Model Evaluation and Model Selection for Machine Learning (learning notes)

Source: Internet
Author: User

Time: 2014.06.26

Location: Base

Bytes --------------------------------------------------------------------------------------

I. Training error and test error

The purpose of machine learning or statistical learning is to make the learned model better able to predict not only known data but also unknown data. Different learning methods produce different models. When judging whether a learning method is good or bad, it is commonly used as follows:

1. Training Error 2 of the model based on the loss function. Model Test Error

Assume that the learned model is:

Then the training error is the average loss of the model on the Training Dataset:

N is the capacity of the training sample.

The test error is the average loss of the model on the test Dataset:


When the loss function is 0-1 loss, the test error is the error rate on the common test Dataset:

-------------------------------------------------------------------- (1)
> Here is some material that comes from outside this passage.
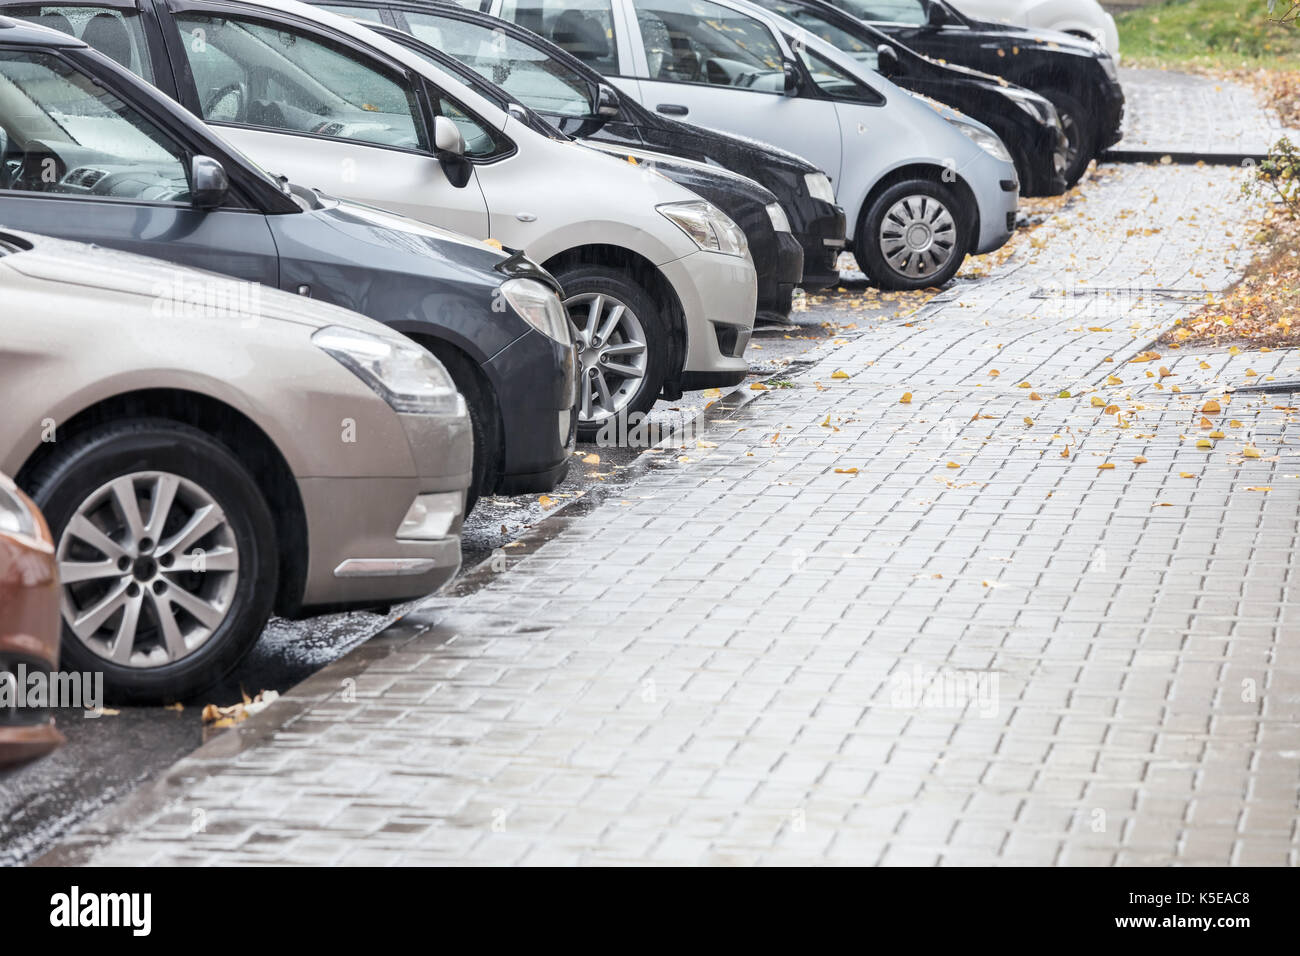 several cars parked in a parking lot on a rainy day Stock Photo

I here is the indicator function, that is, when the parentheses are not equal to 1, otherwise it is 0 (indicator function: when the conditions in the brackets are true, 1 is taken, and 0 is taken when the values are false)

Correspondingly, the accuracy of the test dataset is:

-------------------------------------------------------------------- (2)

X obviously has: accuracy + error rate = 1, that is, (1) + (2) = 1

The size of the training error is meaningful for determining whether the given problem is easy to learn, but it is not very important in essence, the important thing is that the test error reflects the prediction capability of the learning method on the unknown test dataset. Given two learning methods, the method with a small test error has better prediction ability, is a more effective method. Generally, the prediction capability of learning methods on unknown data is called generalization ability.

Bytes --------------------------------------------------------------------------------------

Ii. overfitting and Model Selection

We know that there are many candidate models in the hypothesis space of the model. These models are of different complexity. Assume that there is a real model in the model space, that is, the ideal model, we hope to select and learn a model that approaches this ideal model as much as possible, which will show that the learned model has the same number of parameters as the ideal model, the parameter vectors of the learned model are similar to those of the ideal model. However, there is a problem, because we use limited training data to learn models. If we blindly pursue the ability of models to express training data, the resulting model may be more complex than the ideal model, which is called overfitting. That is to say, the model we learned contains too many parameters, which is too good for known data tables but poorly predicted for unknown data. The model selection aims to avoid merging to improve the prediction capability of the model.

For example, assume that a training dataset is given:


Given a group of Input-Output observations, the task of fitting polynomial functions is to assume that the given data is generated by the M-degree polynomial function and select the M-degree polynomial function that is most likely to generate the data. That is, in the M-degree polynomial function (corresponding to the model hypothesis space), select a function that has good prediction ability for both known and unknown data. Here we can solve this function:

Set the M polynomial:

In formula, X is a single variable input, and W is a vector composed of m + 1 parameters.

First, we can determine the complexity of the model, that is, determine the number of polynomials, And then solve the parameters (polynomial coefficients) based on the empirical risk minimization strategy under the given complexity of the model ), here we want to minimize the risk of experience, that is:


The coefficient 1/2 here is used to calculate the model and training data for convenience:


Then, evaluate the deviation of W to obtain the polynomial coefficient of fitting.

It is also easy to know that when m = 0, a constant line is displayed, and the data fitting effect is very poor. When M = 1, the curve is an oblique line. When M is very large, the fitting curve will pass through each training data point, and the training error is 0. This is the best training data, but this is too good, but there is a problem, because there is noise in the data itself and it is not ideal data, this training error is not normal, and this fitting curve is not good at predicting the unknown data, when M is about enough, the curve fitting effect on the training data may be good enough, and the model is also simple, which is a good choice.

In general, through the above analysis, we can find that as M increases, the complexity of the model also increases, and the training error decreases to 0, however, the test error decreases first and then increases with the increase of the number of polynomials. The purpose of learning is to minimize the test error of the model. Therefore, the choice of M should prevent overfitting.


Contact Us

The content source of this page is from Internet, which doesn't represent Alibaba Cloud's opinion; products and services mentioned on that page don't have any relationship with Alibaba Cloud. If the content of the page makes you feel confusing, please write us an email, we will handle the problem within 5 days after receiving your email.

If you find any instances of plagiarism from the community, please send an email to: info-contact@alibabacloud.com and provide relevant evidence. A staff member will contact you within 5 working days.

A Free Trial That Lets You Build Big!

Start building with 50+ products and up to 12 months usage for Elastic Compute Service

  • Sales Support

    1 on 1 presale consultation

  • After-Sales Support

    24/7 Technical Support 6 Free Tickets per Quarter Faster Response

  • Alibaba Cloud offers highly flexible support services tailored to meet your exact needs.